Pentingnya Survei Kemampuan Penggunaan Lahan untuk Pertanian



Kemampuan lahan merupakan salah satu aspek klasifikasi lahan. Untuk penentuan ­kemampuan lahan, kegunaan lahan untuk pertanian, hutan dan pariwisata dinilai semata-mata berdasarkan faktor lingkungan fisik.

Dengan kata lain, dalam klasifikasi kemampuan lahan, tekstur, struktur tanah, aspek kemiringan, medan, suhu, curah hujan, limpasan dan ketersediaan air dipertimbangkan. Namun, dalam klasifikasi ­ini, sangat bergantung pada hasil survei tanah. Selain itu, produktivitas pertanian saat ini atau penggunaan lahan aktual diabaikan.

Sebenarnya tanah lempung berbeda dengan tanah regur (tanah hitam) dan tanah laterit berbeda dengan tanah merah. Tanah ini cocok untuk budidaya tanaman yang berbeda. Misalnya, tanah lempung sangat cocok untuk menanam padi, gandum, ­tebu, rami, kacang-kacangan, gram, dan minyak sayur, sedangkan kapas bekerja dengan baik di tanah tanah hitam.

Budidaya saffron hanya mungkin dilakukan di karewalands, sedangkan bajra (bulrush millet) tumbuh dengan baik di tanah berpasir. Dengan demikian, kemampuan lahan suatu tanah memiliki sifat fisik tertentu yang membantu dalam mendapatkan hasil pertanian yang lebih baik dari tanaman tertentu.

Sistem penilaian yang dibuat oleh Commonwealth Scientific and Industrial Research Organization (CSIRO) untuk digunakan di Australia telah digunakan secara luas di tempat lain. Kemampuan lahan biasanya disajikan secara kartografis baik menurut jenis medan atau penilaian potensi ­produktivitas pertanian. Upaya terbatas telah dilakukan untuk menghasilkan penilaian kemampuan lahan untuk penggunaan lahan rekreasi.

Di India, tujuan utama survei tanah adalah untuk mencapai ­klasifikasi kemampuan lahan. Organisasi Survei Penggunaan Lahan dan Tanah Seluruh India, pada tahun 1960, telah mencoba melakukan klasifikasi semacam itu. Selanjutnya, ketidakcukupan dalam Manual Survei Tanah telah dihapus dan Manual yang telah direvisi diterbitkan pada tahun 1970.

The All India Soil and Land Use ­Survey Organization 1970) telah mengidentifikasi delapan kelas kemampuan penggunaan lahan yang berbeda seperti yang diberikan di bawah ini:

Lahan yang Cocok untuk Budidaya:

Kelas I : Lahan yang dapat ditanami sangat baik tanpa kesulitan khusus dalam bercocok tanam.

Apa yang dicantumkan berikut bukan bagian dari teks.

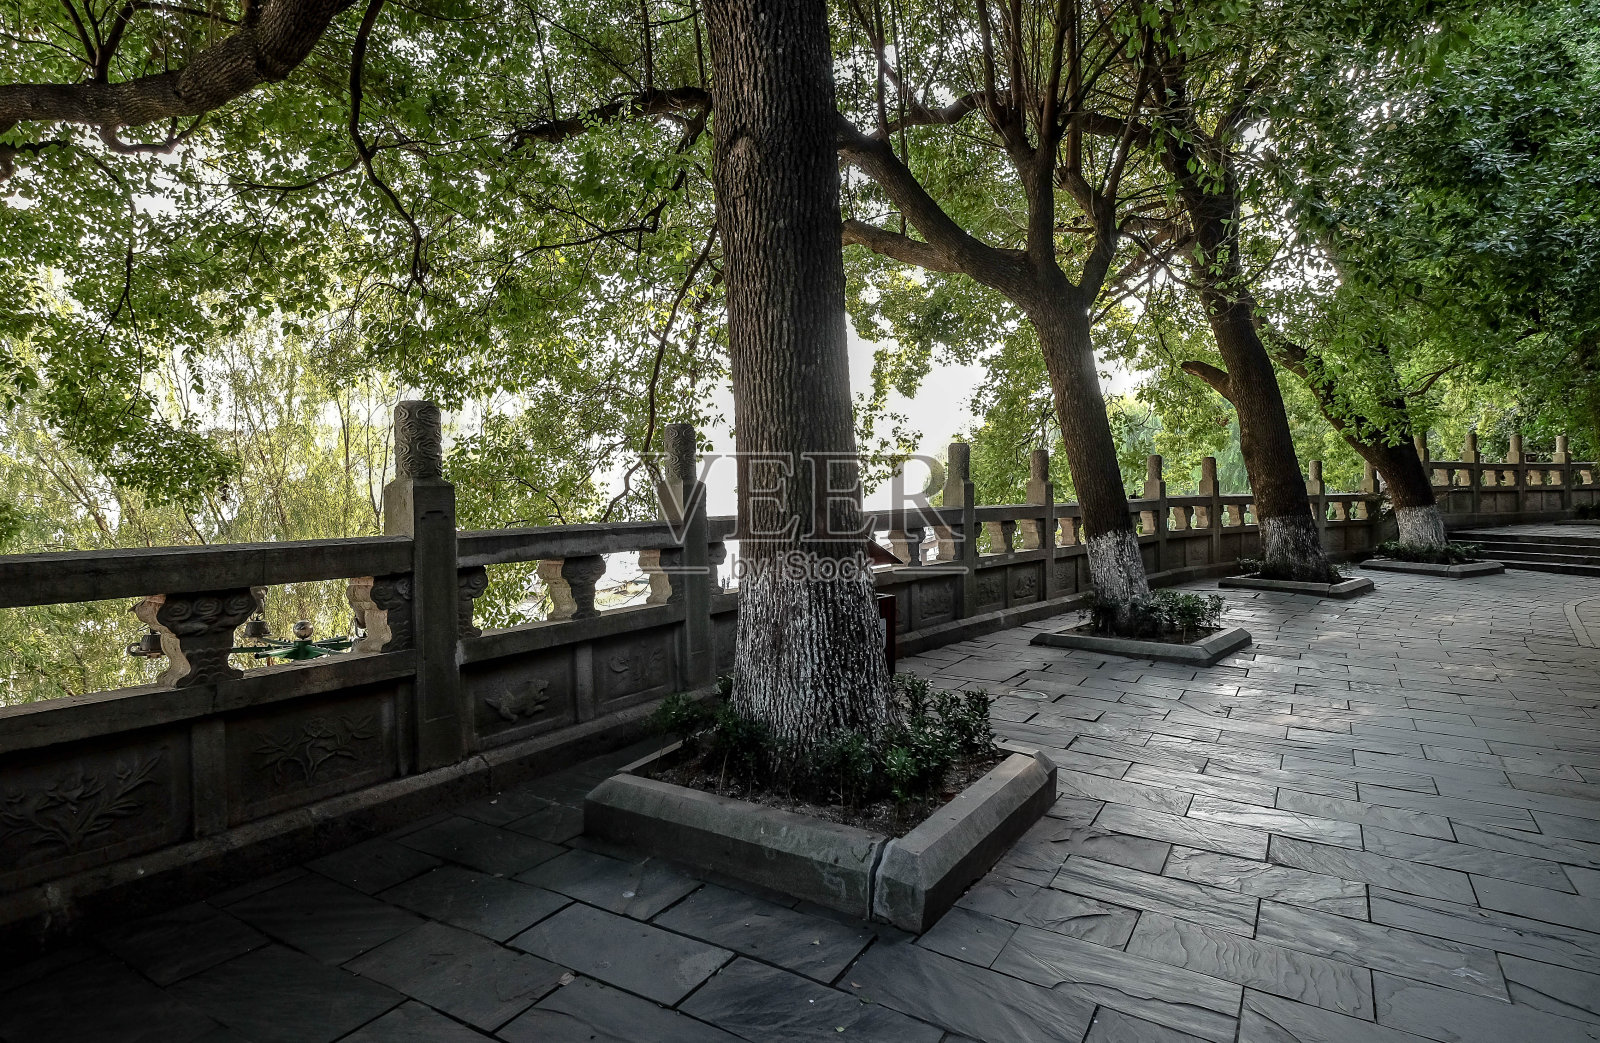 中国湖北省武汉到古宫来赏诗的游客。照片摄影图片

Kelas II : Lahan yang dapat ditanami baik yang memerlukan perlindungan dari erosi ­atau banjir, perbaikan drainase dan konservasi air irigasi.

Kelas III: Lahan yang dapat ditanami cukup baik di mana perhatian khusus harus diberikan pada pengendalian erosi, konservasi ­air irigasi, drainase intensif dan perlindungan dari banjir.

Kelas IV : Lahan yang cukup baik cocok untuk budidaya sesekali atau terbatas ­, membutuhkan pengendalian erosi yang intensif, drainase intensif dan perawatan yang sangat intensif untuk mengatasi keterbatasan tanah.

Lahan yang tidak Cocok untuk Budidaya:

Kelas V: Sangat cocok untuk penggembalaan tetapi tidak untuk pertanian subur, membutuhkan perlindungan dari gullying.

Kelas VI: Sangat cocok untuk penggembalaan atau kehutanan tetapi tidak cocok untuk pertanian subur.

Kelas VII: Cukup cocok untuk penggembalaan atau kehutanan tetapi tidak untuk ­pertanian yang mampu.

Kelas VIII: Cocok hanya untuk satwa liar, fasilitas rekreasi dan ­perlindungan suplai air.